◆ WHAT YOU WILL DO ◆
Within the listing that follows, reproduce exactly the lines starting at the line with "Rabbit Skins 3321" and ending at the line with "Brown slip-on formal shoe", inclusive, and only those. Pictures are dropped.

◆ RECORDS FOR THIS EXERCISE ◆
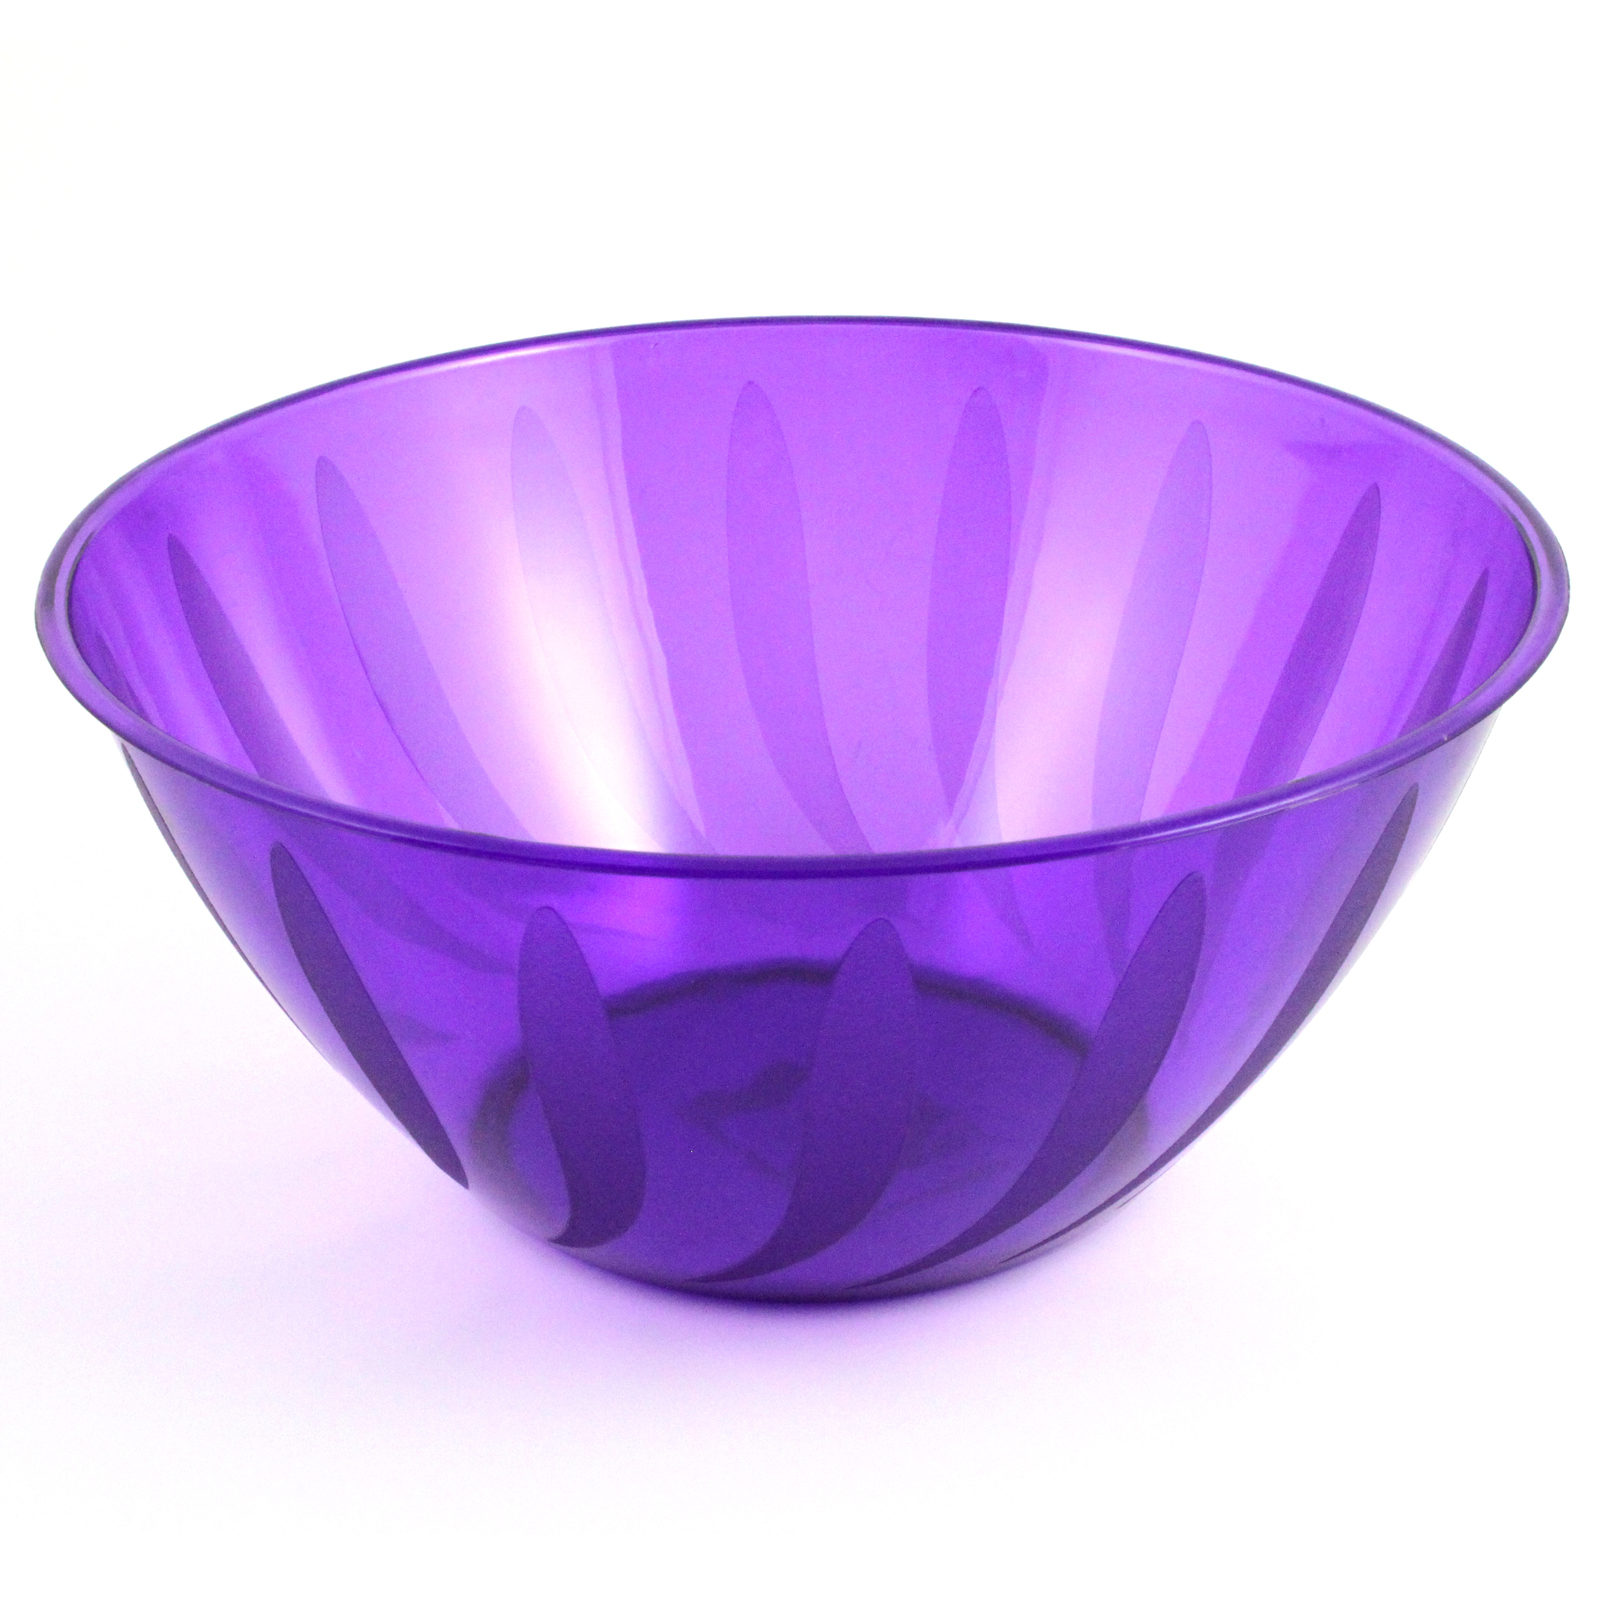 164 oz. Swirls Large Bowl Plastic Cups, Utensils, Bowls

==

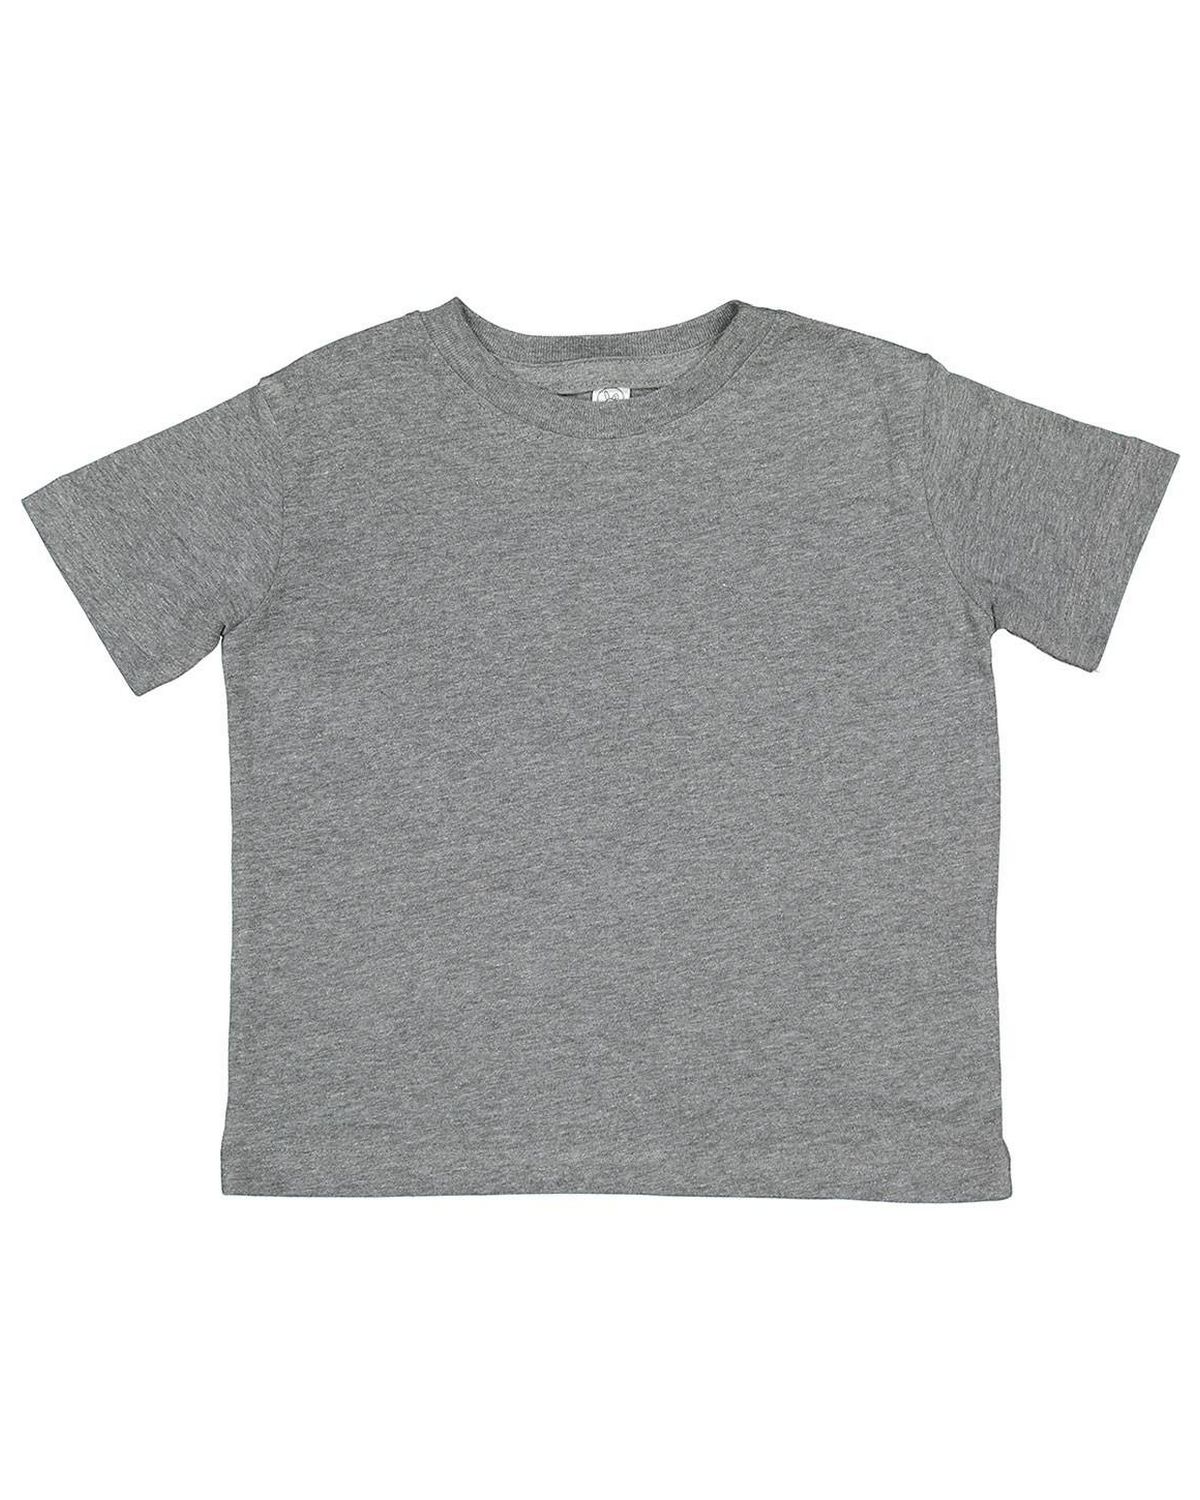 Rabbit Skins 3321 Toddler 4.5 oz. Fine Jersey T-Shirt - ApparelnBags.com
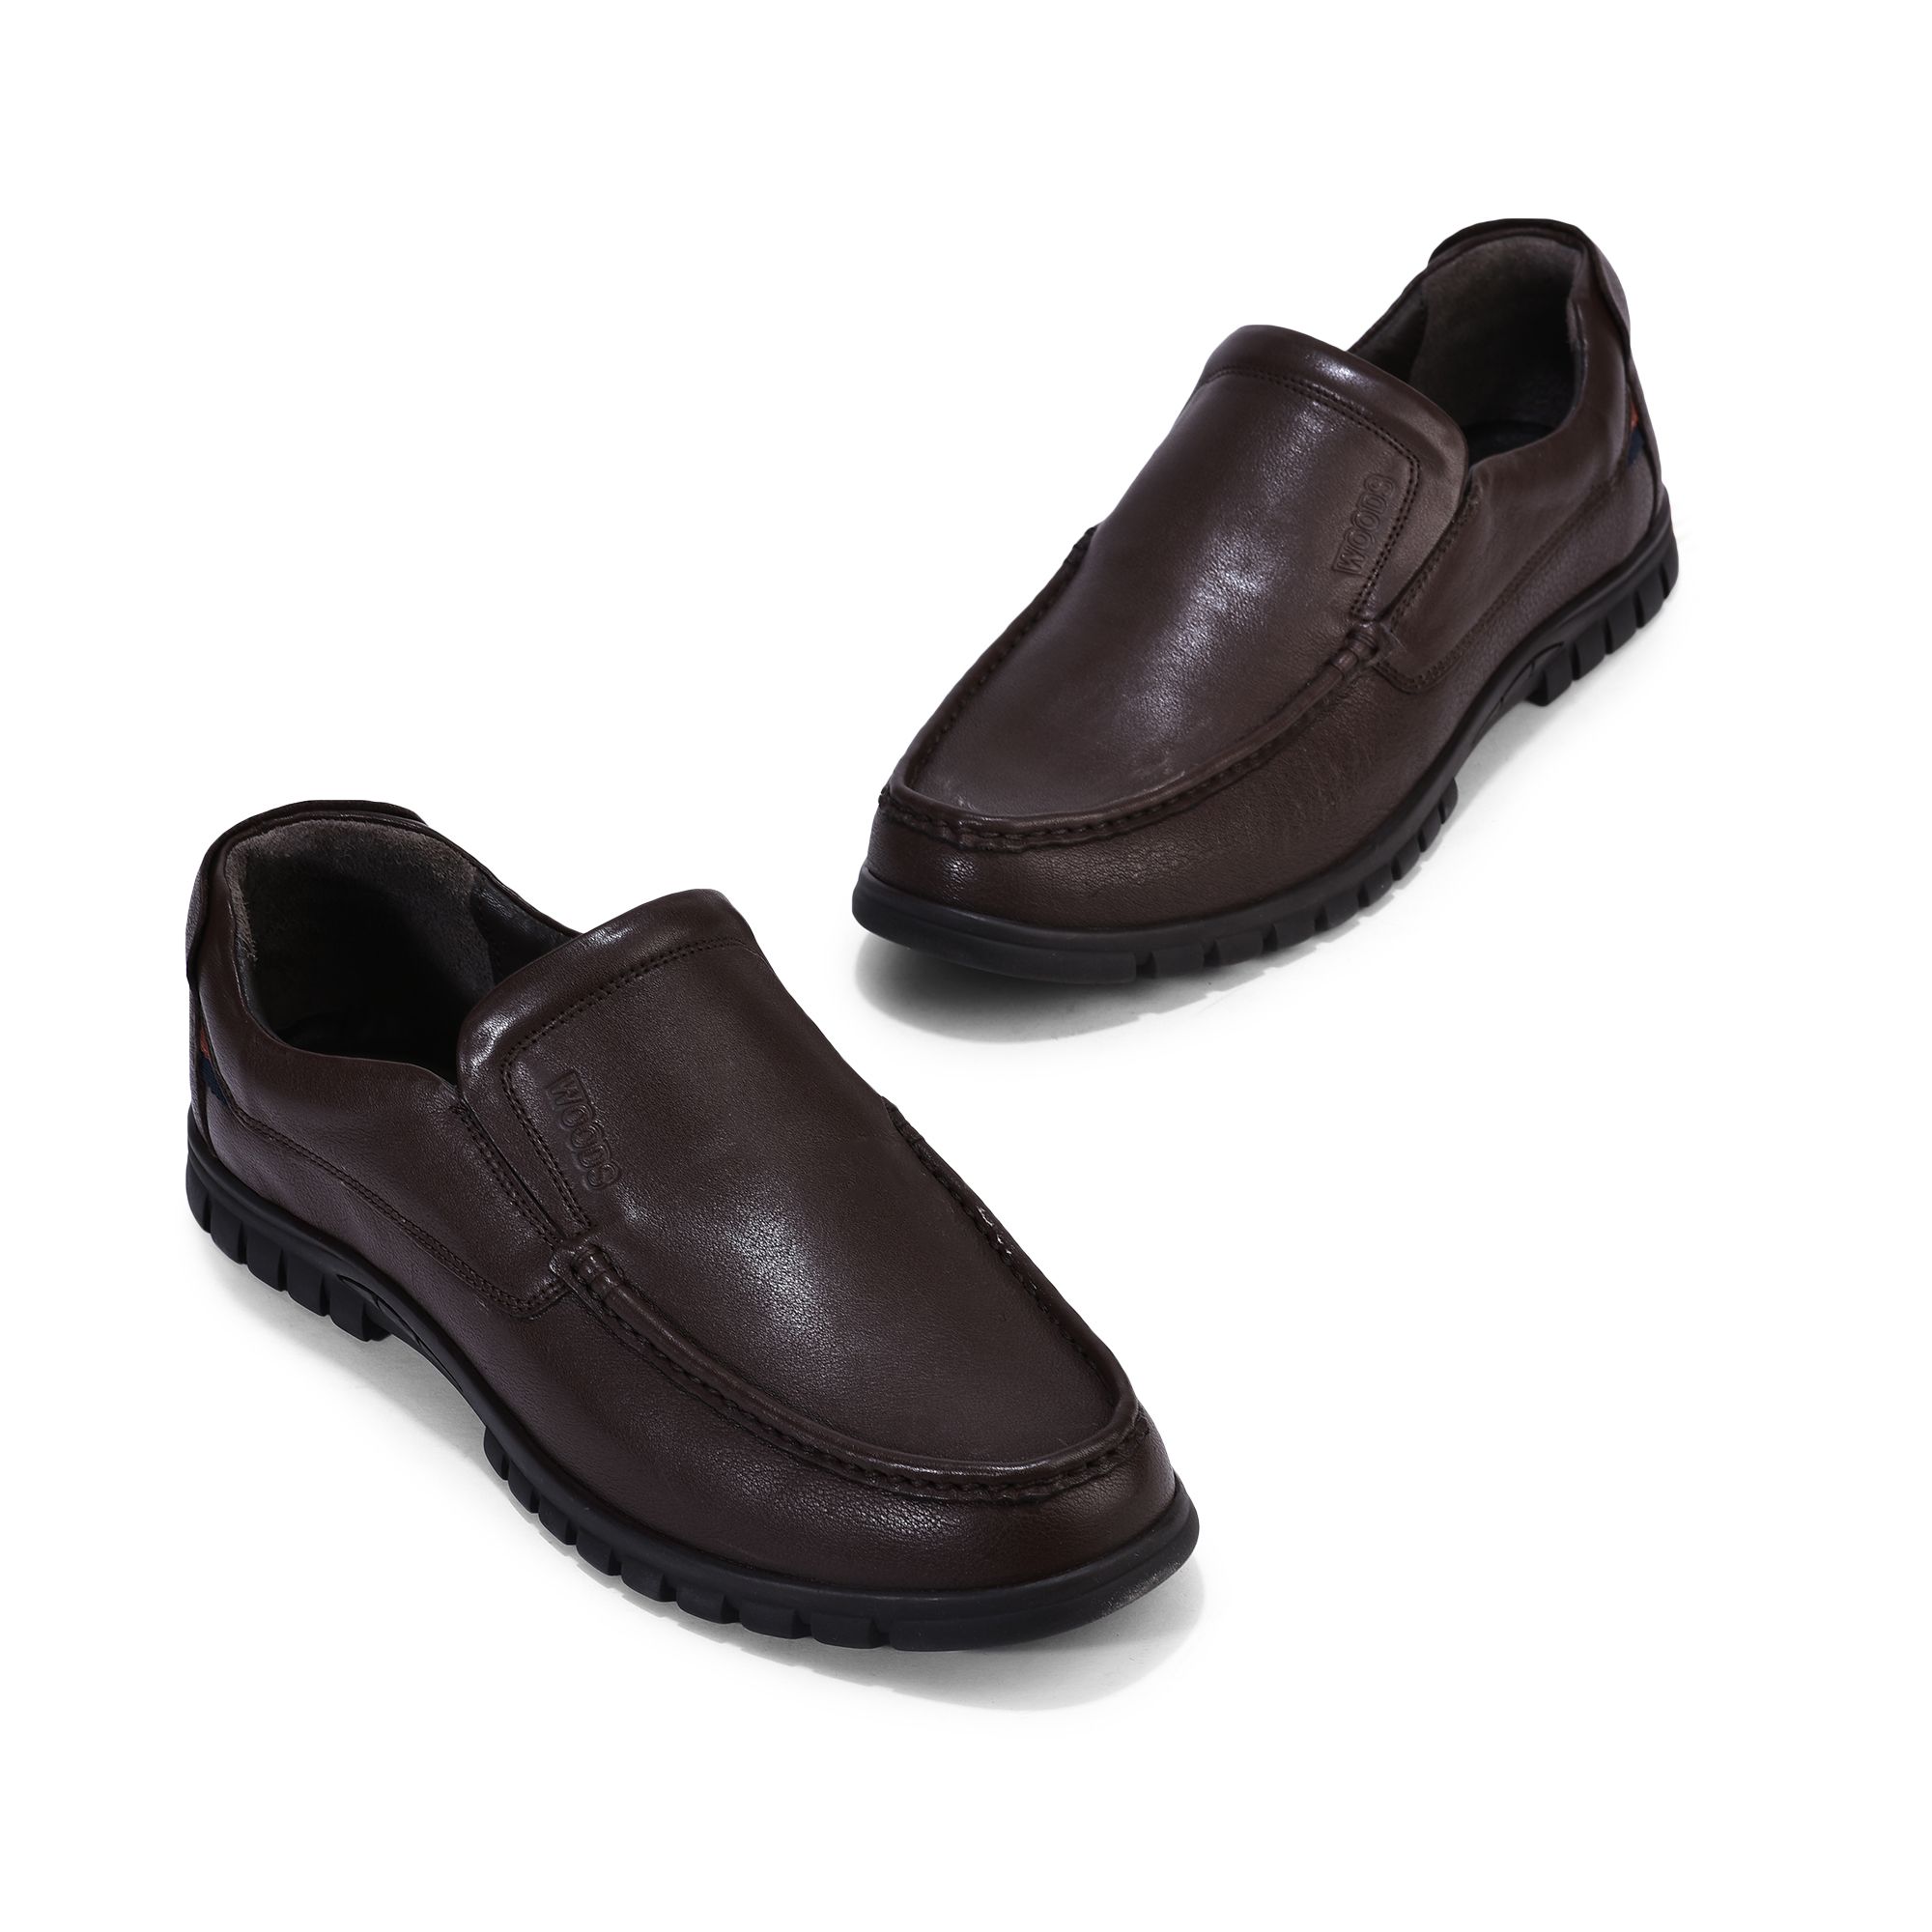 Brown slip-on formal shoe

◆ EXERCISE RESULT ◆
 Rabbit Skins 3321 Toddler 4.5 oz. Fine Jersey T-Shirt - ApparelnBags.com
 Brown slip-on formal shoe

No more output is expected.